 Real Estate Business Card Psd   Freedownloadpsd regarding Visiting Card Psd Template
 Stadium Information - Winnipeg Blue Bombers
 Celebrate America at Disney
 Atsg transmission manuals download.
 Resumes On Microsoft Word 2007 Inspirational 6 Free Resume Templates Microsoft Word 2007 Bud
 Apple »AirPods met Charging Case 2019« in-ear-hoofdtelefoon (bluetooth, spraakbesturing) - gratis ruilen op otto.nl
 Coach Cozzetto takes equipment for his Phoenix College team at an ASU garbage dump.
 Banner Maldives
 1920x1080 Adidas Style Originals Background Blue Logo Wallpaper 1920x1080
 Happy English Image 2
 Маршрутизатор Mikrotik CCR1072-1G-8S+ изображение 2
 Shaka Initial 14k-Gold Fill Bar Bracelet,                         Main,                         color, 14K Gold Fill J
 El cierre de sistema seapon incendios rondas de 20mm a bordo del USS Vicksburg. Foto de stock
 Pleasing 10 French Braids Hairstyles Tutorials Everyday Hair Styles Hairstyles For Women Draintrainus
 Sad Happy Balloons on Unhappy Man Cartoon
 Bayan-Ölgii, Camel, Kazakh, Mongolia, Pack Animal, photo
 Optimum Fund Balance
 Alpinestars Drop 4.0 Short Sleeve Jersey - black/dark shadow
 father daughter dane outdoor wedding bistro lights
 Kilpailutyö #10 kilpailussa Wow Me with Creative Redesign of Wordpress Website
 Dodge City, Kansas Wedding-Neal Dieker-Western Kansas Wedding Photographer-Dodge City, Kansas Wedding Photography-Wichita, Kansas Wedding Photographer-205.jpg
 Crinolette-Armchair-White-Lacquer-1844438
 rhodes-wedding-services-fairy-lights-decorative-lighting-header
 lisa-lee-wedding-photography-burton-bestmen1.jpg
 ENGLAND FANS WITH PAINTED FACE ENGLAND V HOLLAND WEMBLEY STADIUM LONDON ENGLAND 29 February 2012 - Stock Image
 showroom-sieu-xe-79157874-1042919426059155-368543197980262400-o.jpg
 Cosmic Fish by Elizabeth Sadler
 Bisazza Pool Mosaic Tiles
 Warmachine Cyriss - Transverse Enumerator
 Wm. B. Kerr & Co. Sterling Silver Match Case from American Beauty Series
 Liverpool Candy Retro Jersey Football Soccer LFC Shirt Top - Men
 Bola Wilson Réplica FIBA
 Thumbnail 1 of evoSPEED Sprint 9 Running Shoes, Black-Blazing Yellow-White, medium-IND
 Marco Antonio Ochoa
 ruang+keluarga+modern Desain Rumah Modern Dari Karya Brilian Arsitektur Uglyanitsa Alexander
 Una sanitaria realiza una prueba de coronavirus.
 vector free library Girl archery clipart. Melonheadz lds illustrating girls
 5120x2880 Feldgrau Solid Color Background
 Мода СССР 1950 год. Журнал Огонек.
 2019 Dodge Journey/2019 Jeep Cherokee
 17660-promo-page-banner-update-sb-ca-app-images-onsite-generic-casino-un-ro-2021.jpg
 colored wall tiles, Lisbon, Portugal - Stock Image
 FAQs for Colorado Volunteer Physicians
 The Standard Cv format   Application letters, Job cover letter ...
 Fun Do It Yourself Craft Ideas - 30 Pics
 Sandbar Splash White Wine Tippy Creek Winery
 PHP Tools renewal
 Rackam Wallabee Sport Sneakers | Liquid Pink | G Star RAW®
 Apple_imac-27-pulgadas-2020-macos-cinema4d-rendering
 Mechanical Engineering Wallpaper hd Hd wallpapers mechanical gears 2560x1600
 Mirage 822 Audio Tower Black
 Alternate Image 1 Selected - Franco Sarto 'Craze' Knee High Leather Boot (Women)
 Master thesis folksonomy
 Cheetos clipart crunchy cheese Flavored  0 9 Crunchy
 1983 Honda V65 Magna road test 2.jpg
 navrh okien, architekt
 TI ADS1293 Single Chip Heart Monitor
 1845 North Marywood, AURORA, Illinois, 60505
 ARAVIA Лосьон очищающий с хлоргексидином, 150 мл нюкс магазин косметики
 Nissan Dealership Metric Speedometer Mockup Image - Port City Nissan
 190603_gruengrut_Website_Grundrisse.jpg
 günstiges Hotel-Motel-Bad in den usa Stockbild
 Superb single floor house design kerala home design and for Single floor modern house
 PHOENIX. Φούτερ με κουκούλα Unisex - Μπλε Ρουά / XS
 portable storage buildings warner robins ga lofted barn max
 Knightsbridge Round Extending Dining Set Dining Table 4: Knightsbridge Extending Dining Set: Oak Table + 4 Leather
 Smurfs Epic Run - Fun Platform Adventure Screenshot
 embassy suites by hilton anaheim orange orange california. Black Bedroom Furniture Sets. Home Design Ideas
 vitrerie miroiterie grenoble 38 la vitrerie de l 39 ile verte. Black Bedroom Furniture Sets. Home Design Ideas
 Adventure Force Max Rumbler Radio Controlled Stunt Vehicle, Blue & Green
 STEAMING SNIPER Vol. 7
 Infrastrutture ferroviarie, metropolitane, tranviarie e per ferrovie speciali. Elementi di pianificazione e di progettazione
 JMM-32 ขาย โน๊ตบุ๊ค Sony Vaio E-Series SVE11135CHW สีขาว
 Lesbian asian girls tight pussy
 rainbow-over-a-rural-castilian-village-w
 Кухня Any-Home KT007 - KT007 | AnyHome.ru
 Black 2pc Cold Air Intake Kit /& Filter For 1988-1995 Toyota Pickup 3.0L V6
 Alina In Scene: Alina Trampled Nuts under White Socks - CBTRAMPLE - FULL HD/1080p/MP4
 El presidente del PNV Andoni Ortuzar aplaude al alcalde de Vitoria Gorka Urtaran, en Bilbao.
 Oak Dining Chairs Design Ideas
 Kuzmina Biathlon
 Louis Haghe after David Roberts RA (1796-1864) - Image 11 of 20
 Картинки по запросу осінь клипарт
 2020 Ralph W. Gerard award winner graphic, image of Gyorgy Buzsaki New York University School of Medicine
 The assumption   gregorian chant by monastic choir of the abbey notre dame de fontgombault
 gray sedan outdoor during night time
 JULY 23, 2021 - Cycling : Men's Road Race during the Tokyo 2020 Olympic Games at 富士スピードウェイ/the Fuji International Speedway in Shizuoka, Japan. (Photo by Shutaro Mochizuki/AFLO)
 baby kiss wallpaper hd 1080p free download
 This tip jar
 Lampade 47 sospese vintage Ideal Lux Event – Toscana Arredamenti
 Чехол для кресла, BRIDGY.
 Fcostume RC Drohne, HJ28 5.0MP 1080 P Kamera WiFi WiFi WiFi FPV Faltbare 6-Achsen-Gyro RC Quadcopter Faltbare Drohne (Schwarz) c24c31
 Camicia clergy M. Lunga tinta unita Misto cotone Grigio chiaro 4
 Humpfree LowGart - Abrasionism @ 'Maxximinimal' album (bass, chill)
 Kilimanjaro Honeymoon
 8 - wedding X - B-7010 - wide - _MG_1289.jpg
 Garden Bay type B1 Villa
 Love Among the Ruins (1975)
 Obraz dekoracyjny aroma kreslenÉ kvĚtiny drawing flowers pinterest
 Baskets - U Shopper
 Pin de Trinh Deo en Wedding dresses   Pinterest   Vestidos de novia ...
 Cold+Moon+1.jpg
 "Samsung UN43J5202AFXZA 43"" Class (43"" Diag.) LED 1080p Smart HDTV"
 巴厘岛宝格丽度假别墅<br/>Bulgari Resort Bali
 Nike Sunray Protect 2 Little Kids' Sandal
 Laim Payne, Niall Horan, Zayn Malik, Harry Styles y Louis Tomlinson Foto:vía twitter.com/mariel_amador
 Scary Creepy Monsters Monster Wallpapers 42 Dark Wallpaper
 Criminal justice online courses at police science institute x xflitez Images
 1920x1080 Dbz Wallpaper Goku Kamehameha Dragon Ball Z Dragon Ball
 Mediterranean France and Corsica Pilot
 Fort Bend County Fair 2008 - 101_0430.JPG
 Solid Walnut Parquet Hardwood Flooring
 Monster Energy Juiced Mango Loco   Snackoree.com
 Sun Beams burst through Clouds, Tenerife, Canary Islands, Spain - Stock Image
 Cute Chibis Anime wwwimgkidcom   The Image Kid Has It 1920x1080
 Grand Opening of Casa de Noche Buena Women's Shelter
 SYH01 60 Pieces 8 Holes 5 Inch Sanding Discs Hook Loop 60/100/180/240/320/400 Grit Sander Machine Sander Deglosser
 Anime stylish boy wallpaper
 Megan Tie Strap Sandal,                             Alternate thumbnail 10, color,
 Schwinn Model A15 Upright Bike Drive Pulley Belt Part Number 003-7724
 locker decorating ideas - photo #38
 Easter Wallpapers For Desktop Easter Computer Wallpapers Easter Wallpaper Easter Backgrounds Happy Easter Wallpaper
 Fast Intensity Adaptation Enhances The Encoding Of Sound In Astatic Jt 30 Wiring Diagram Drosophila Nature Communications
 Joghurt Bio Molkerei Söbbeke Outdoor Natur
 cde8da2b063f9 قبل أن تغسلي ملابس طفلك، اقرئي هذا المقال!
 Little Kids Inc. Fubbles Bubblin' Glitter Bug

========================================================================

Each line of the data that has the string "modern" should be returned.

 ruang+keluarga+modern Desain Rumah Modern Dari Karya Brilian Arsitektur Uglyanitsa Alexander
 Superb single floor house design kerala home design and for Single floor modern house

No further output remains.